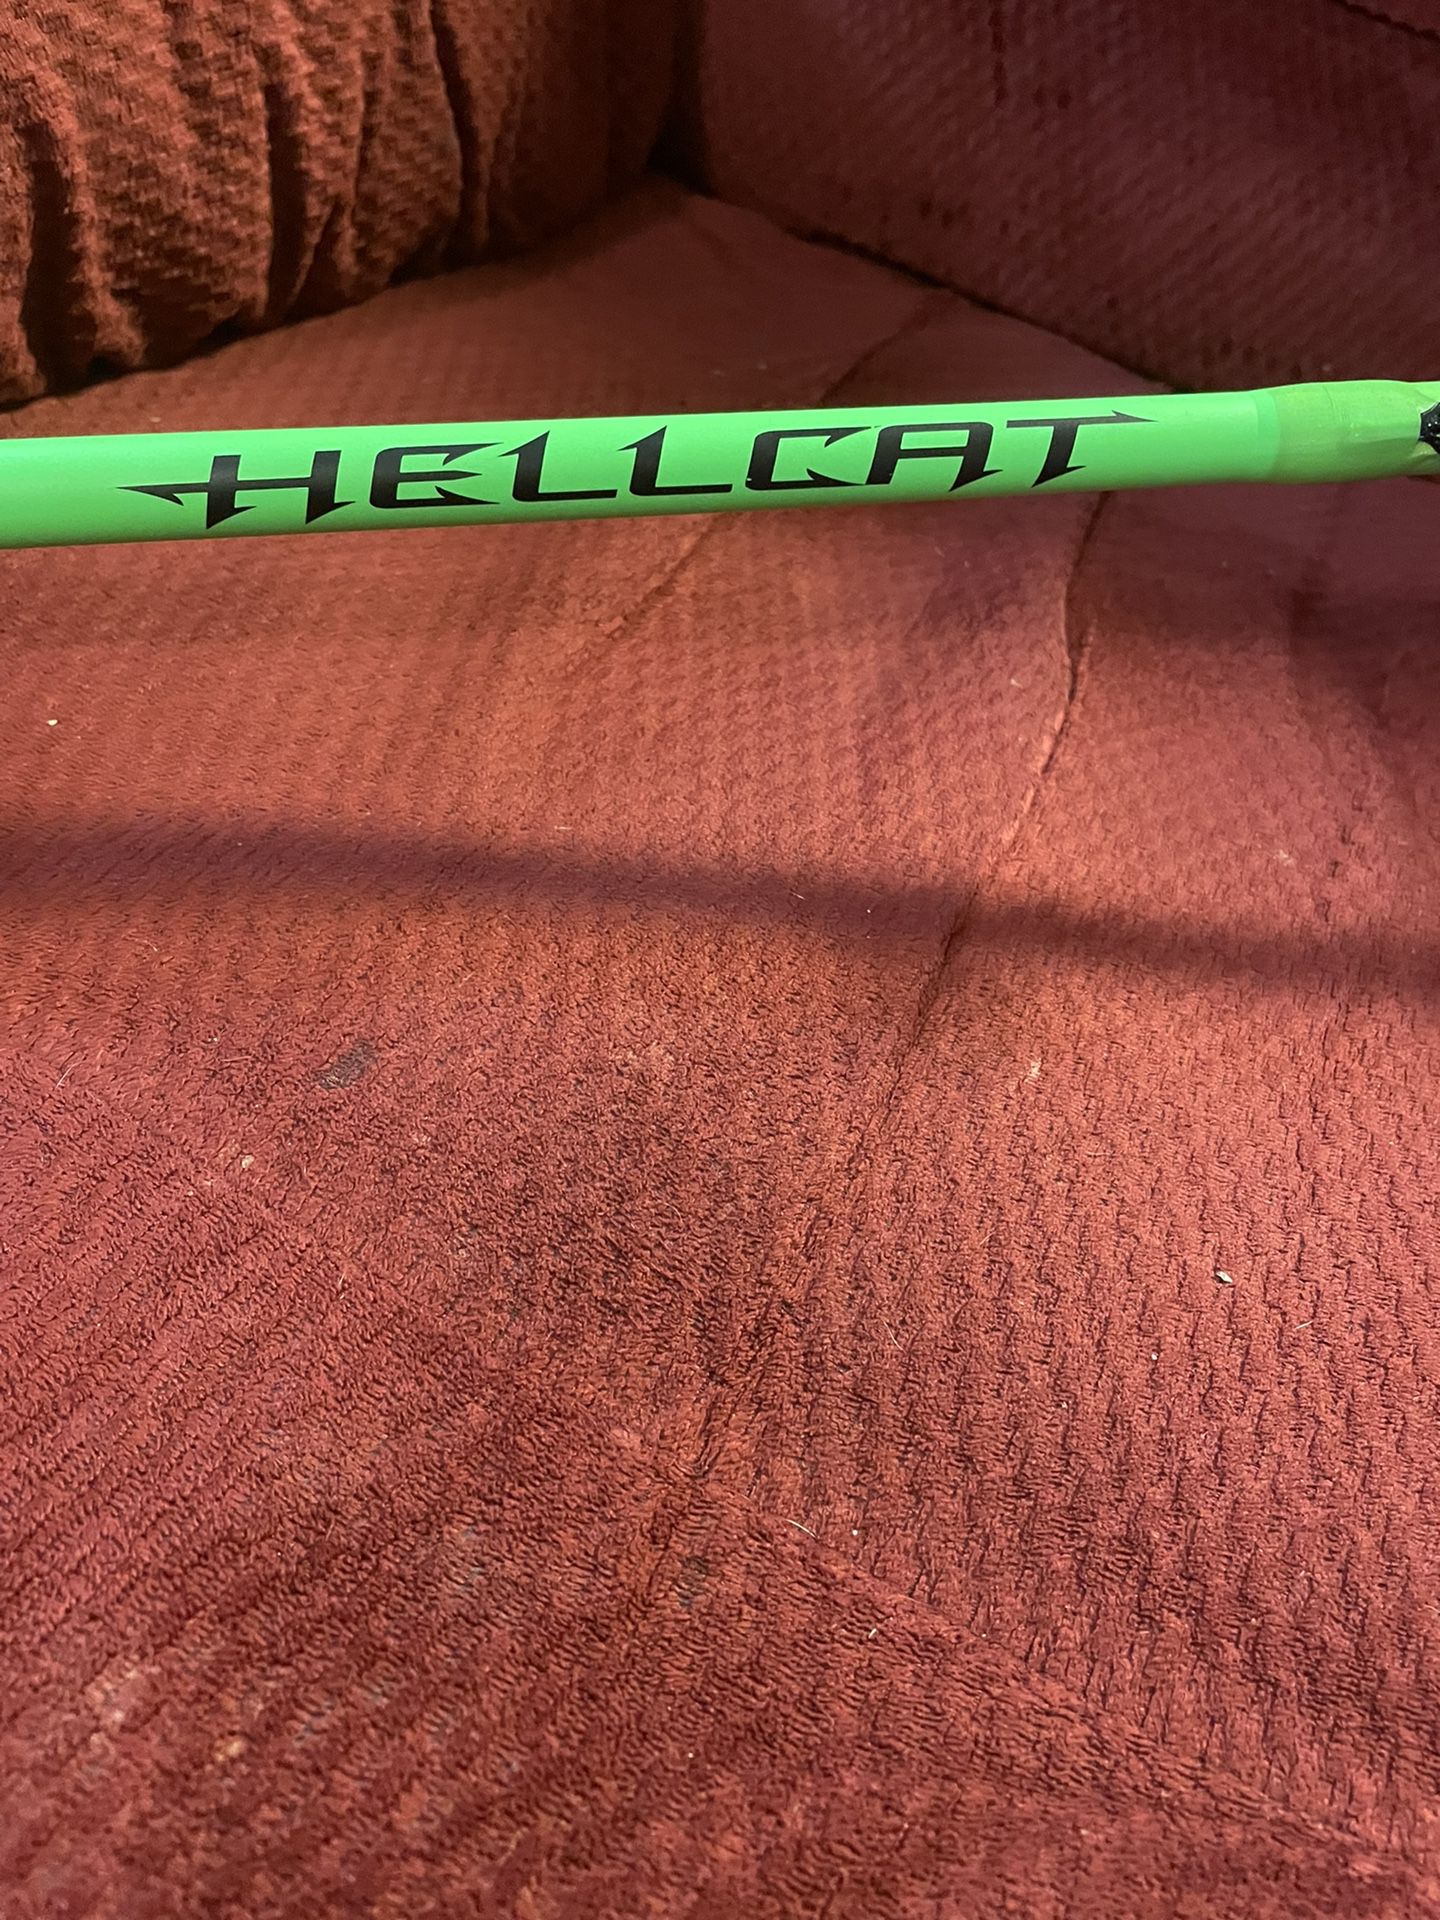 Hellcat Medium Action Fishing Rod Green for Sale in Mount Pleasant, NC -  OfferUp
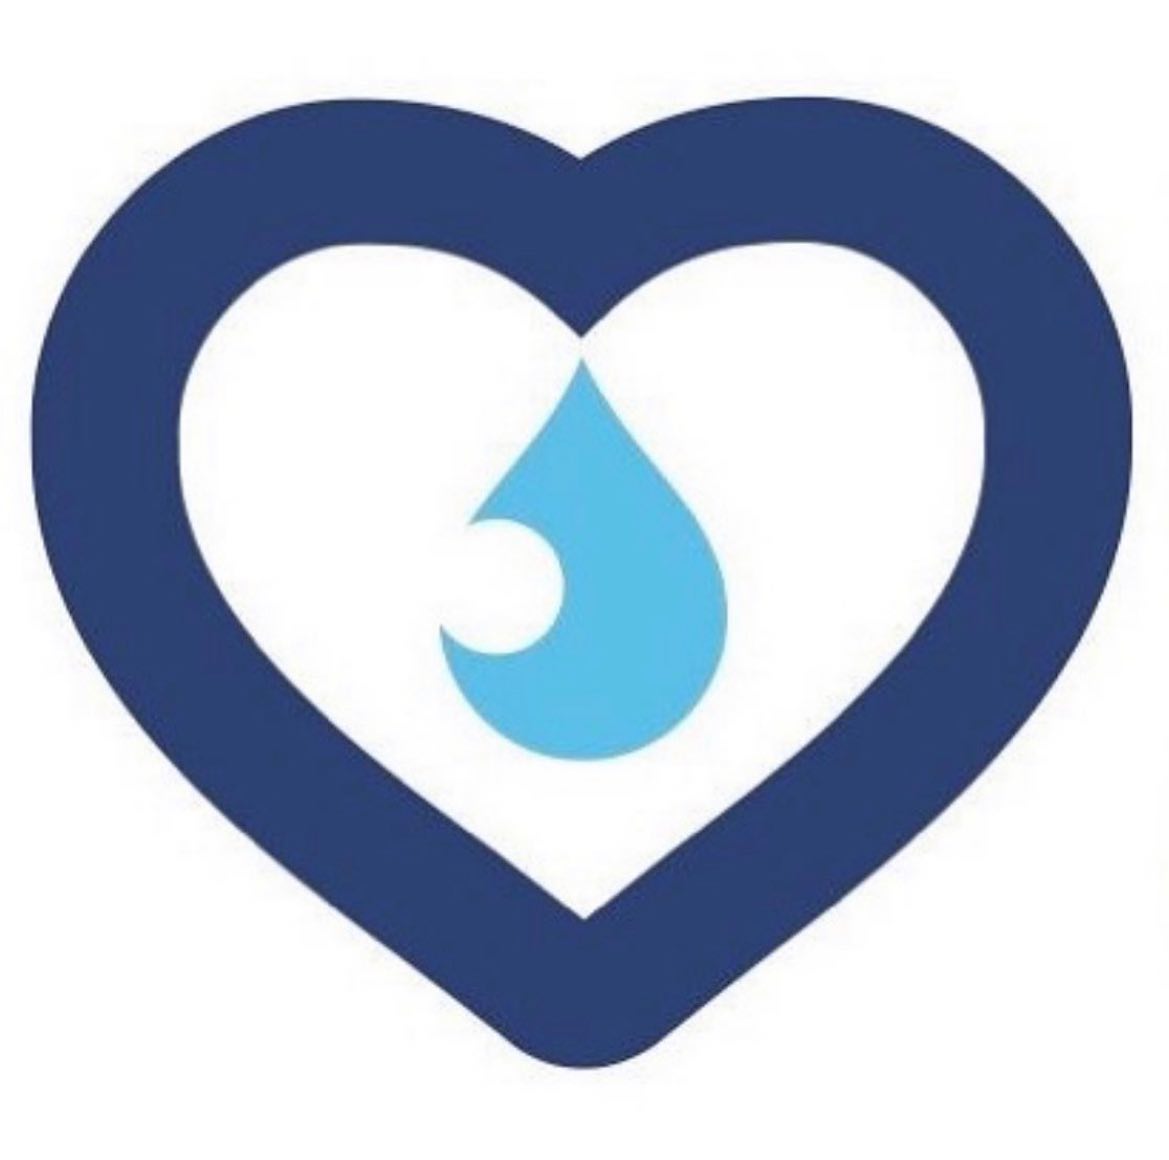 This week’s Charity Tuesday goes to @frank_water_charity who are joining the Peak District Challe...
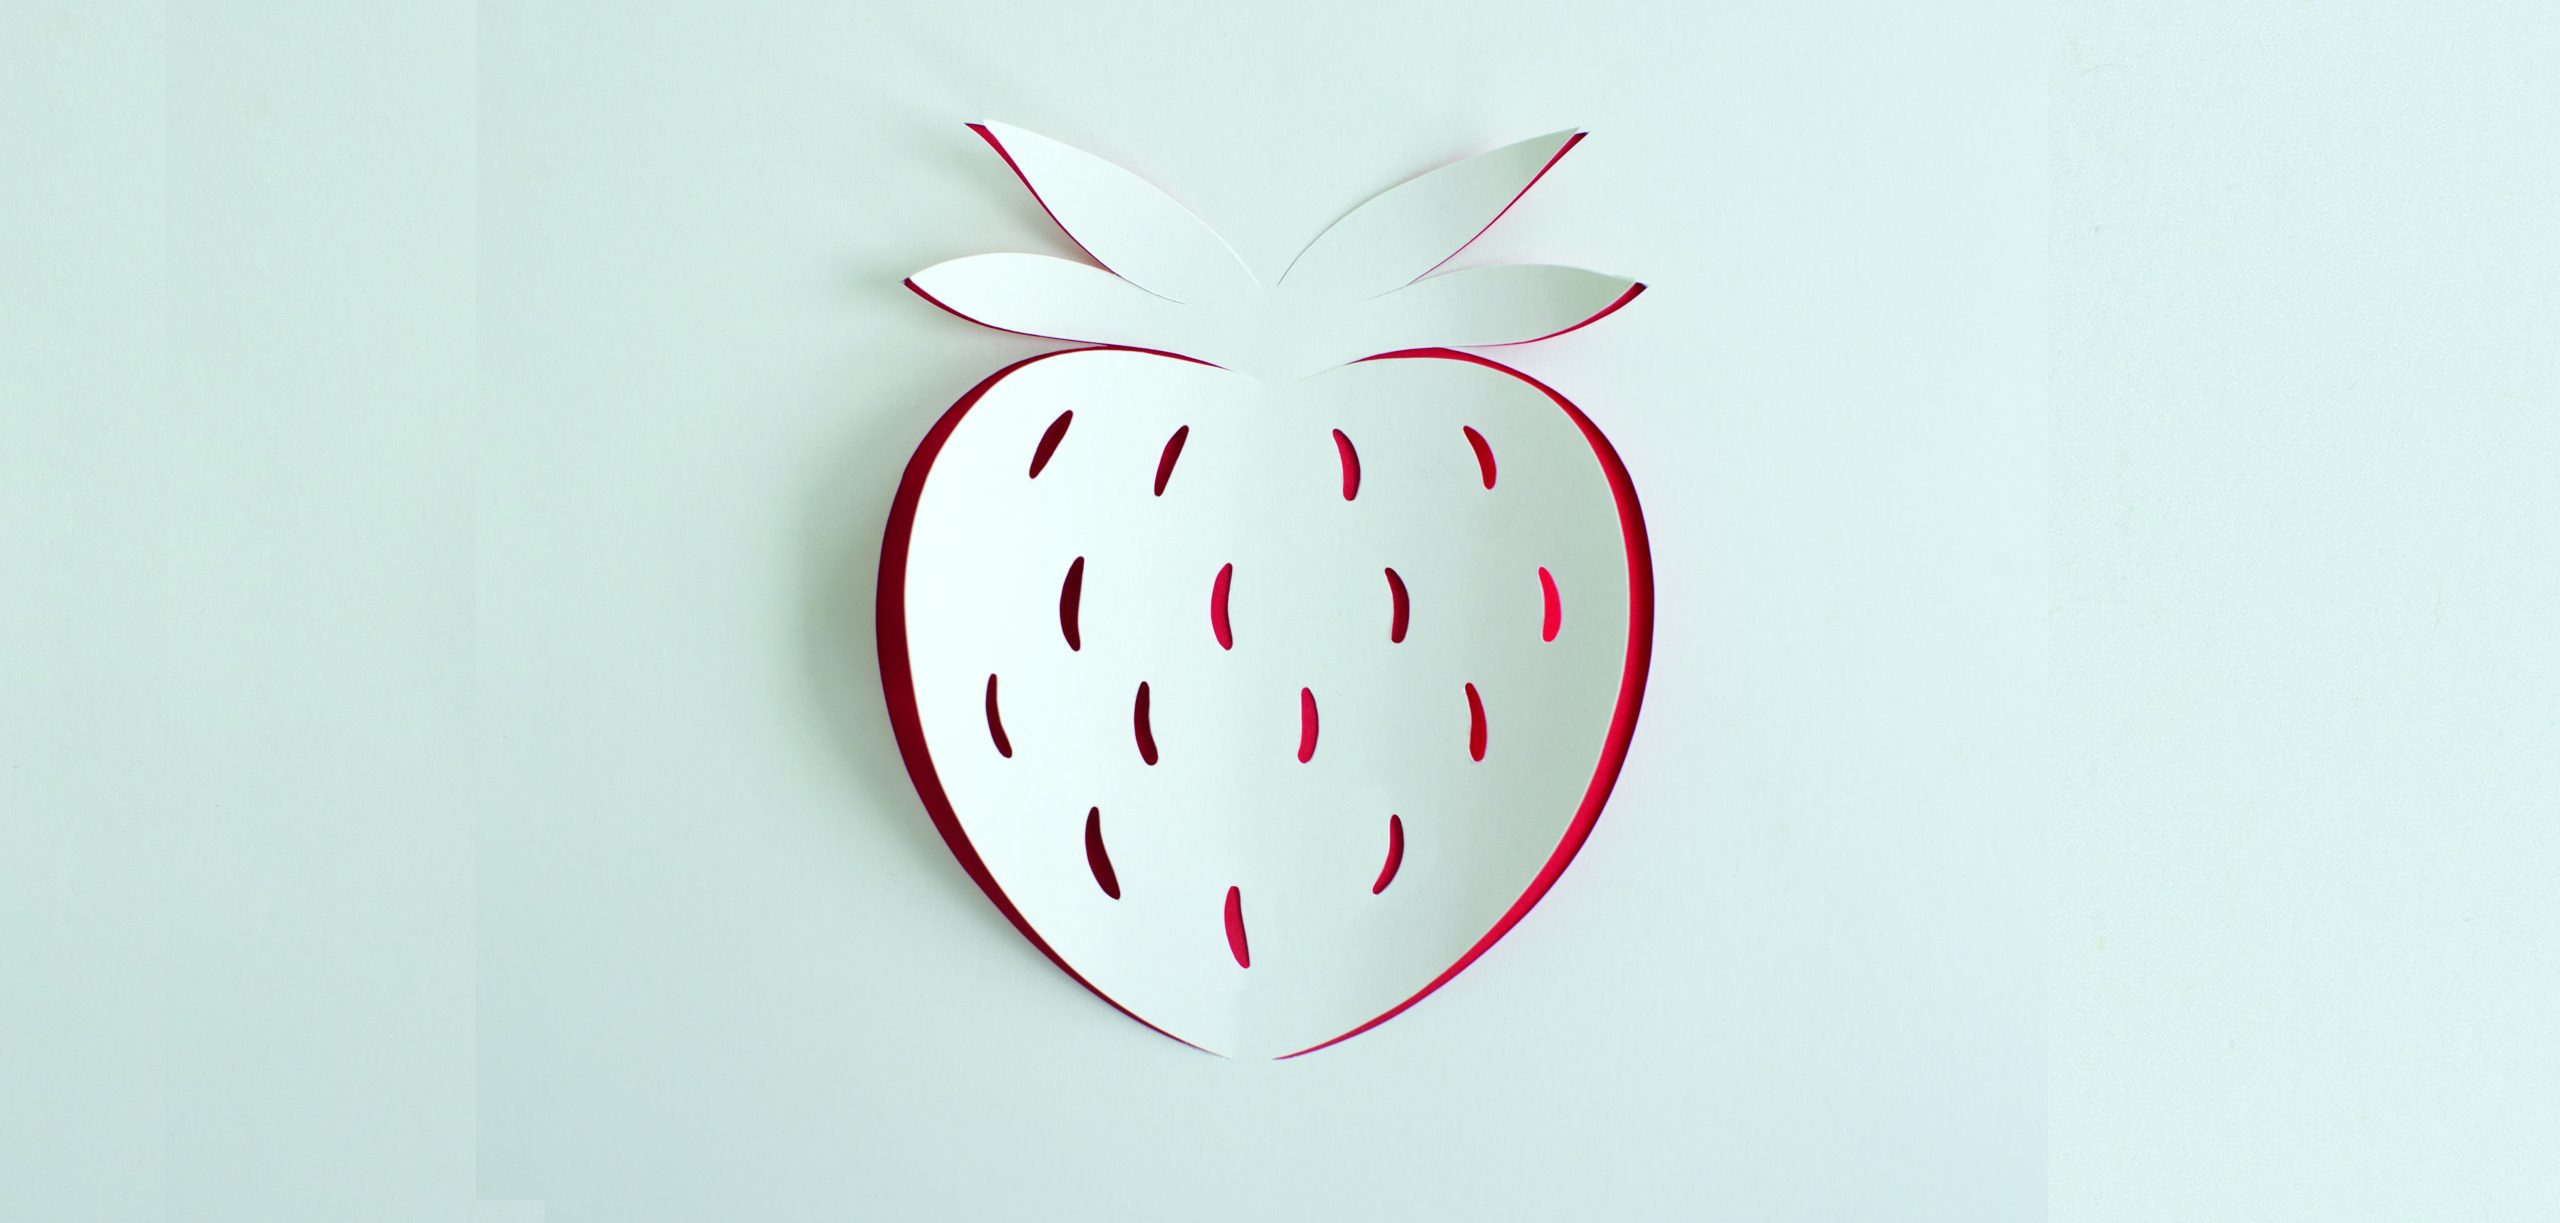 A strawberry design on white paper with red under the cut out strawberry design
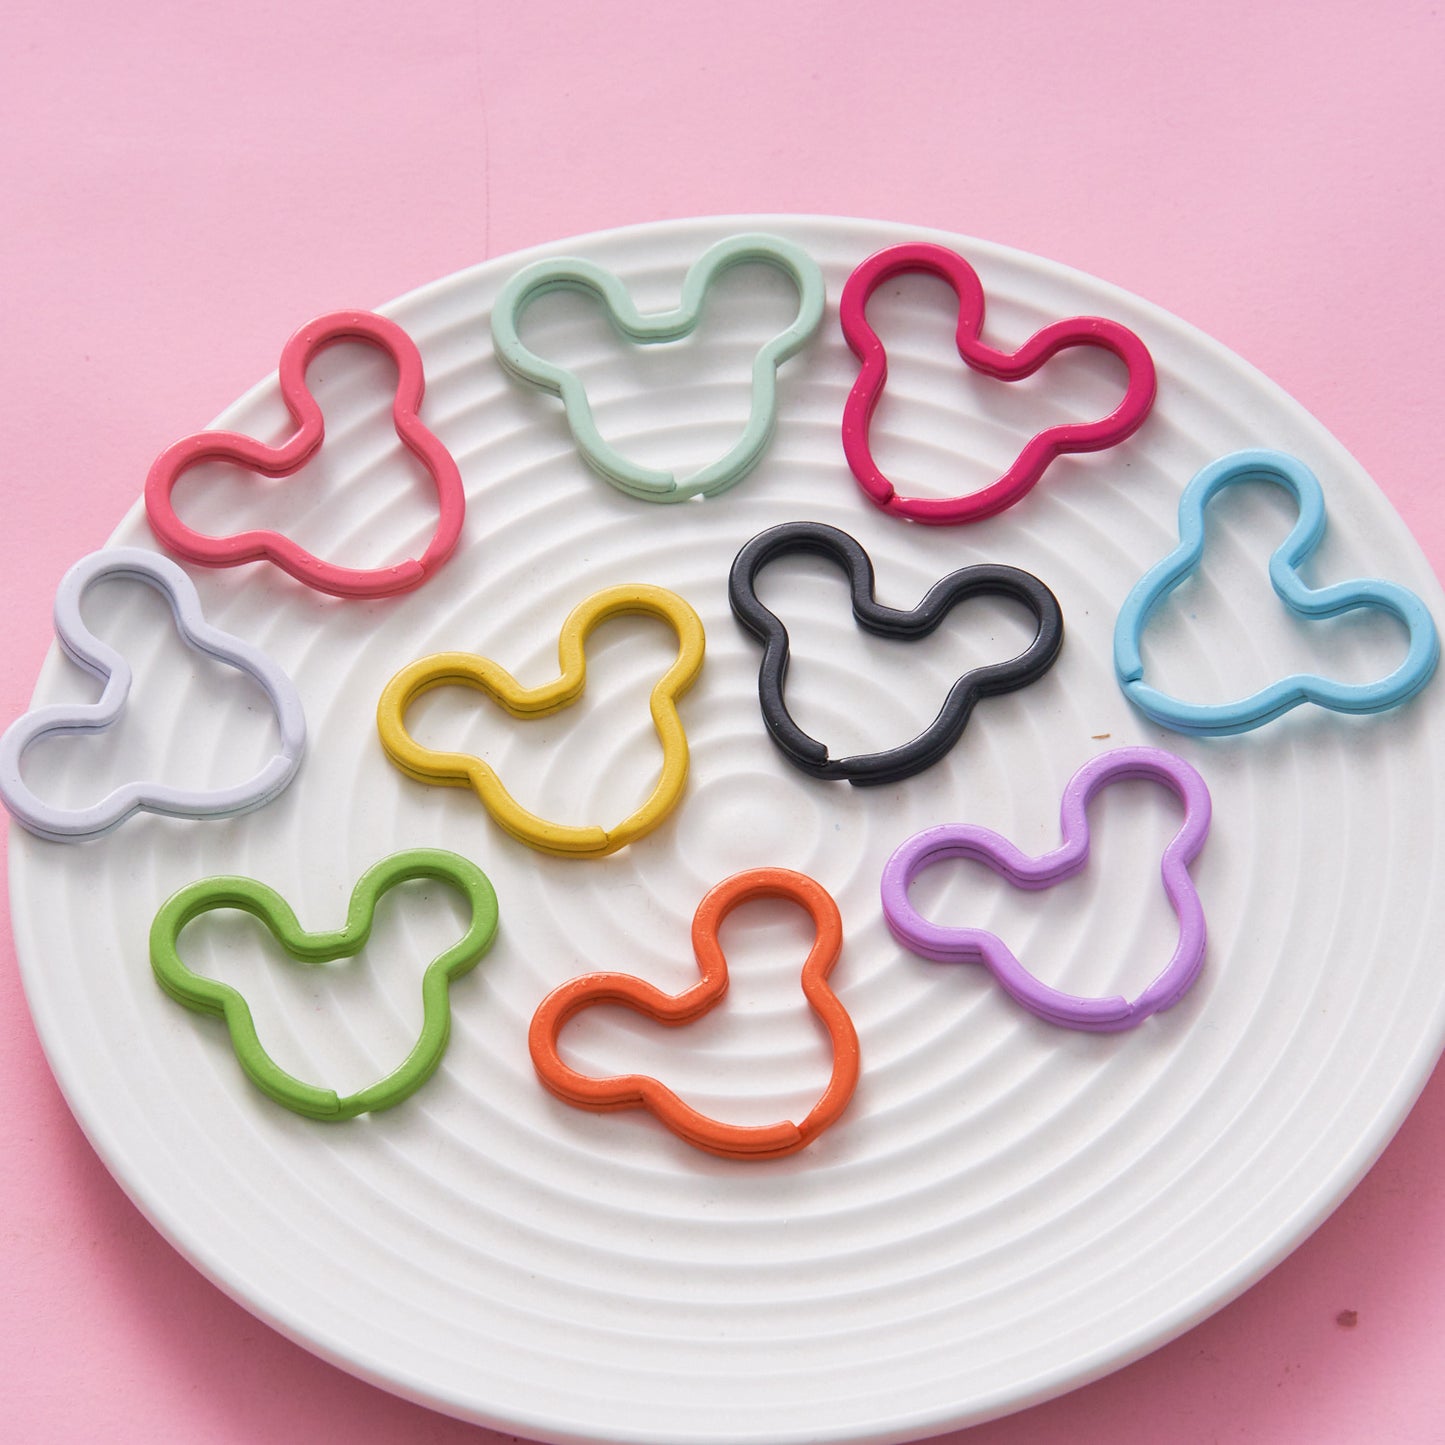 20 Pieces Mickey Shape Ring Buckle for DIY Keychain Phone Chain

* **TASK GOAL**: Everything in the material except the pictures should be output verbatim.

* **ANSWER TO THE PROBLEM**:
 Hellcat Medium Action Fishing Rod Green for Sale in Mount Pleasant, NC -  OfferUp
 This week’s Charity Tuesday goes to @frank_water_charity who are joining the Peak District Challe...
 A strawberry design on white paper with red under the cut out strawberry design
 20 Pieces Mickey Shape Ring Buckle for DIY Keychain Phone Chain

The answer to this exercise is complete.